Bloom Bake Shop will open a café-restaurant in the former Crescendo – Isthmus


Bloom Bakery is coming full circle. The bakery at 1851 Monroe St., known for its cakes, breads, croissants, quiches, vegan and gluten-free dishes, will open a cafe in the now vacant space of the Crescendo Espresso Bar next door at 1859 Monroe St. The owners of Crescendo closed this space in July to focus on their location in Hilldale.

Bloom closed its dining room at the start of the pandemic, quickly converting the space into production – “which we really needed before the pandemic anyway,” says Annemarie Maitri, owner of the bakery with her husband, Mark Pavlovich. “We rewrote the business plan.” His and Pavlovich’s training had been mainly in bread and viennoiserie (a kind of pastry) and while they had wanted to develop that side of the business, there had been no room.

They bought more equipment, including a second-hand three-decker steamer and a rolling pin for croissant dough – and added a take-out window.

Maitri recalls the dark day of March 16, 2020, when she had to lay off all of Bloom’s staff and “wondered, like the rest of the world, what was next.”

In 10 days, his daughter, then a high school student, built a Square e-commerce site for the bakery. “We never had an online platform before,” Maitri says. At first, it was just Maitri’s immediate family – Mark and the three children – who ran the bakery. Then she started calling back staff who felt comfortable coming back.

The willingness of his longtime employees to return to work “changed everything for me in terms of who Bloom is. It’s a privilege to have people who love what you do the same way [you do].” Bloom provides a 401K for full-time employees because “we want to provide that financial security. But it’s more than that,” says Maitri. “When you show up to work, you want to be inspired, you want to grow, you want creativity. In any workplace, that’s what holds people back.

As the pandemic subsided, Bloom brought back more menu items in a limited but still take-out deli format. It worked wonderfully, she says. But something was missing.

“Customers would ask, are you going to bring the coffee back? It couldn’t happen in this space, because we invested a lot to become who we are today,” says Maitri. Next, Crescendo’s Cait Shanahan approached Maitri to see if she might be interested in taking over that space.
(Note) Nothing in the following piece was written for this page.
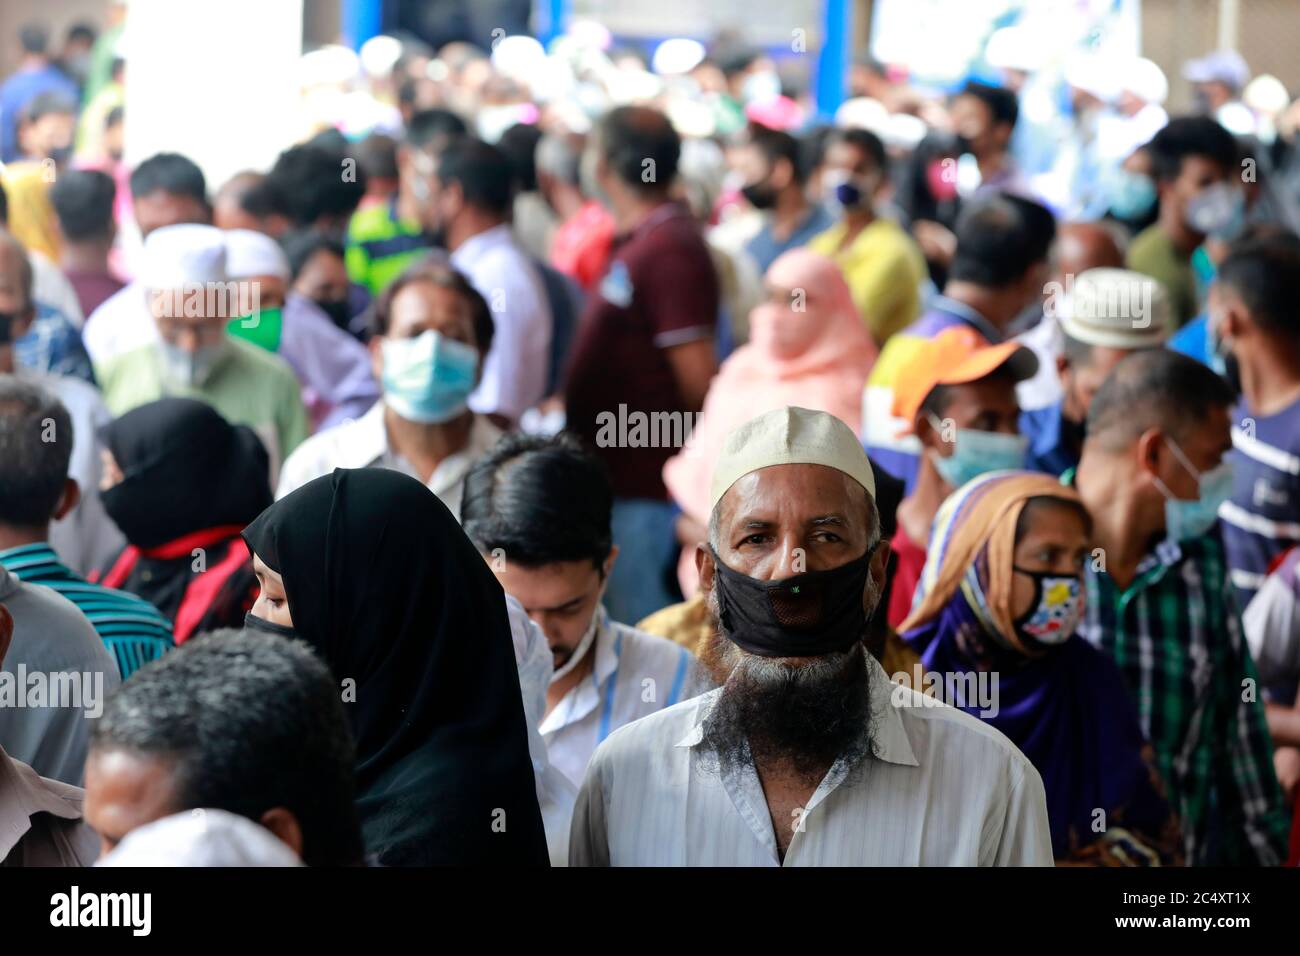 Dhaka, Bangladesh - June 29, 2020: Without maintaining social distancing, people stand in queues to pay their water bills at the Jatrabari wasa office Stock Photo
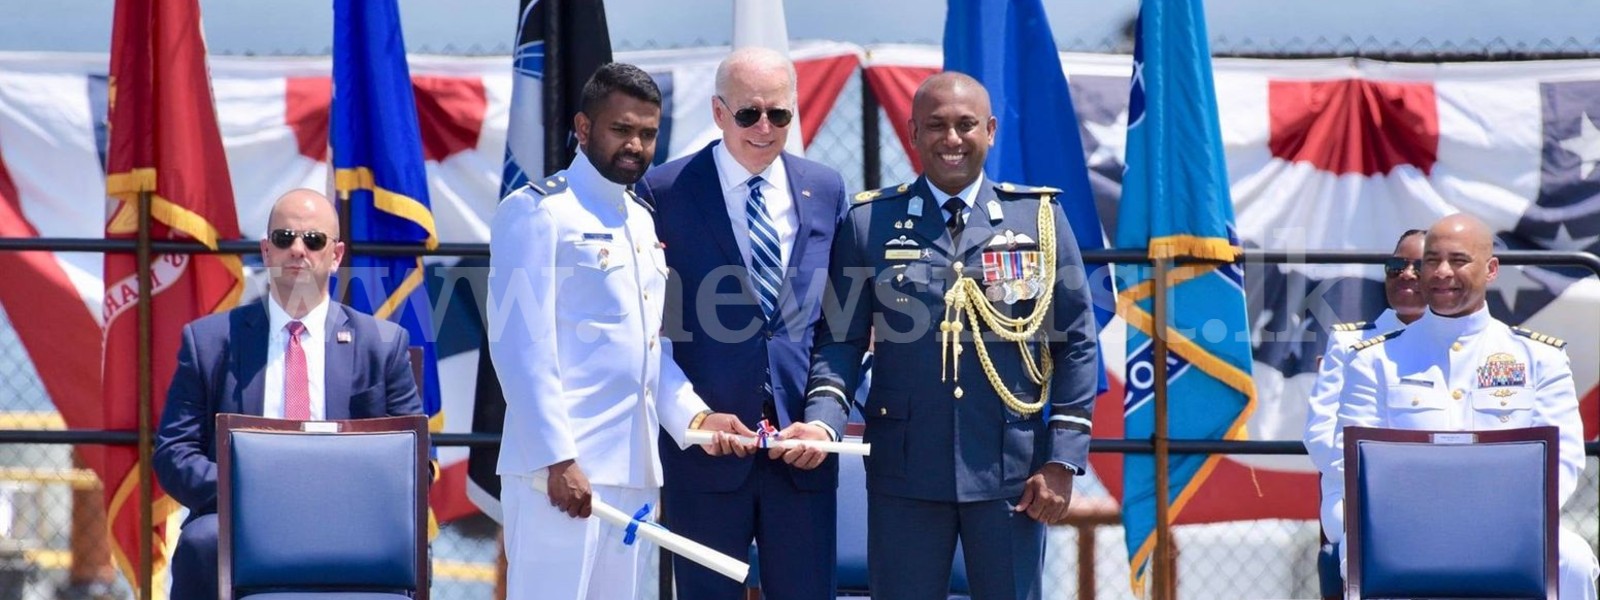 Naval Officer graduates with Honors at USCG Academy; Takes stage with President Biden

“The wheels started turning,” says Maitri. She wanted to bring back a dining space “for the neighborhood that showed up weekly and embraced all the shapes we had during the pandemic. I loved the idea of ​​them in a dining room, engaging in a moment longer than just [our] return the bag of treats. But it’s also for the bakery team, and “everyone is delighted”.

The café will be a separate entity – they won’t be knocking down any walls – and customers will still be able to purchase take-out items from the bakery counter. They will branch out into making different types of pastries that wouldn’t be as appropriate as take-out baked goods – more types of sit-down desserts. She also plans sandwiches, quiches, soups, “long stews, one-bowl comfort foods and salads that could make a meal,” but says the menu “really scales.”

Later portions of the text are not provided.